Mehmet Nuri BİNGÖL |
DAMLA DAMLA ANEKDOT-1
Meseleye peşrevsiz ve “pat” diye giriş yapacağız ama metnin cazibeli olması için “belağat” biraz da bunu gerektiriyor.
Bir dost meclisinde, sohbetin nihayetinde kalan beş arkadaşla fikir teatisinde bulunuyoruz.
-
Malum bankanın ele alınmasına ne dersiniz?
-
“Adamların” tam manasıyla “in”lerine girilmesine alamet.
-
O neden?
-
Dikey, yamuk veya paralel… Namları ne olursa olsun bunların temeli “para” değil mi?
-
Öyle ama?..
-
Zat-ı alilerinin para işleri ve para ile ilgili bağlantıları orta yere serilince…
-
Evet, bittiklerinin resmidir.
Bir diğer dostun on ikiden vuran tesbiti.
-
Şu ya da bu kumpas; bence Allah’ın vurduğu “zecr” tokadının vesilesi bunlar.
Hak verdik.
-
Halk arasında söylenen İslami bir kaidenin darb-ı mesel halini almış ifadesi mevcut.
-
Nedir o?
-
“ Allah parmağını kişinin gözüne sokmayacağına göre birilerini kullanır.” sözü…
-
Risale’de ise “ Beşer zulmeder, Kaader adalet eder.” beyanı gibi…
-
Ama burada beşer de zulmetmiyor, sadece adaletin teminine yardım ediyor.
-
Belki de zulmedenlere set çekerek…
-
Öyle ya… Vatana ihanet en büyük zulümdür.
-
Bunlar, Risale-i Nur’ları sadeleştirerek tahrif ettiler ya. Bana kalırsa Hoca’ları yurda Humeyni gibi yollanınca , bütün dini cemaatları biata zorlayacak; “Risale diyorsanız işte size Risale” diyebilmek için bunları hazırlıyordu.
-
Ya kabul ve biat etmeyen cemaatları…
-
Belki de stadyumlara tıkacak ve onları “yepyeni” devrim muhafızlarına teslim edecekti!
-
Bunun böyle olacağı nereden belli?
-
Onun bir zamanlar sır katibi olan Latif Erdoğan’ın sözleri ile mümin ferasetinden, tarih perspektifinden…

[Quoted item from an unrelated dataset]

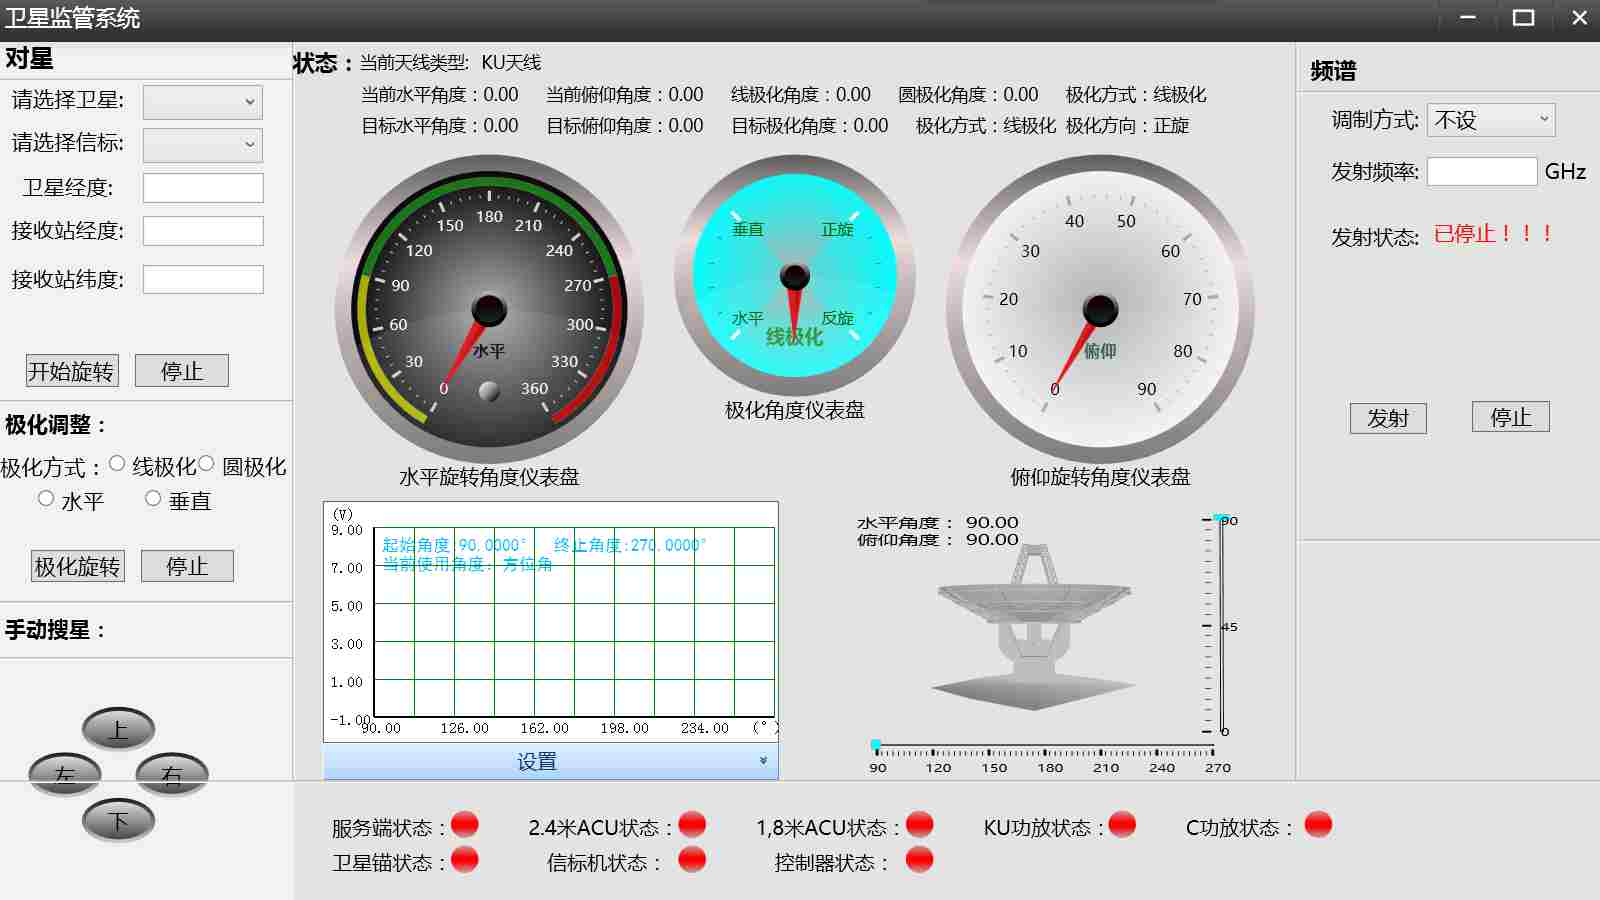 北京衛星通信系統監控

Düşününce ve “ 12 Eylül İhtilali” sonrası bir cemaat büyüğüne yapılan:
“ Risale-i Nur okumayın, sizi de Hoca gibi yaşatalım.” teklifinden, söylenin “yerinde” olduğunu kabul ettim.
***
Birileri bizi dinliyordu.
Eğer konuşma ve iddiaya birileri dahil olmasaydı cevap bile vermeyecektim.
Çünkü “ Haksızlığı hak iddia eden adamlara karşı hak dava etmek” veya “akılı akıllı” izahata girişmenin bir nevi “akılları geveze etmekten” farklı bir iş değildi.
“ Sen bütün hırsızlara Allah belasını versin diyebiliyor musun.”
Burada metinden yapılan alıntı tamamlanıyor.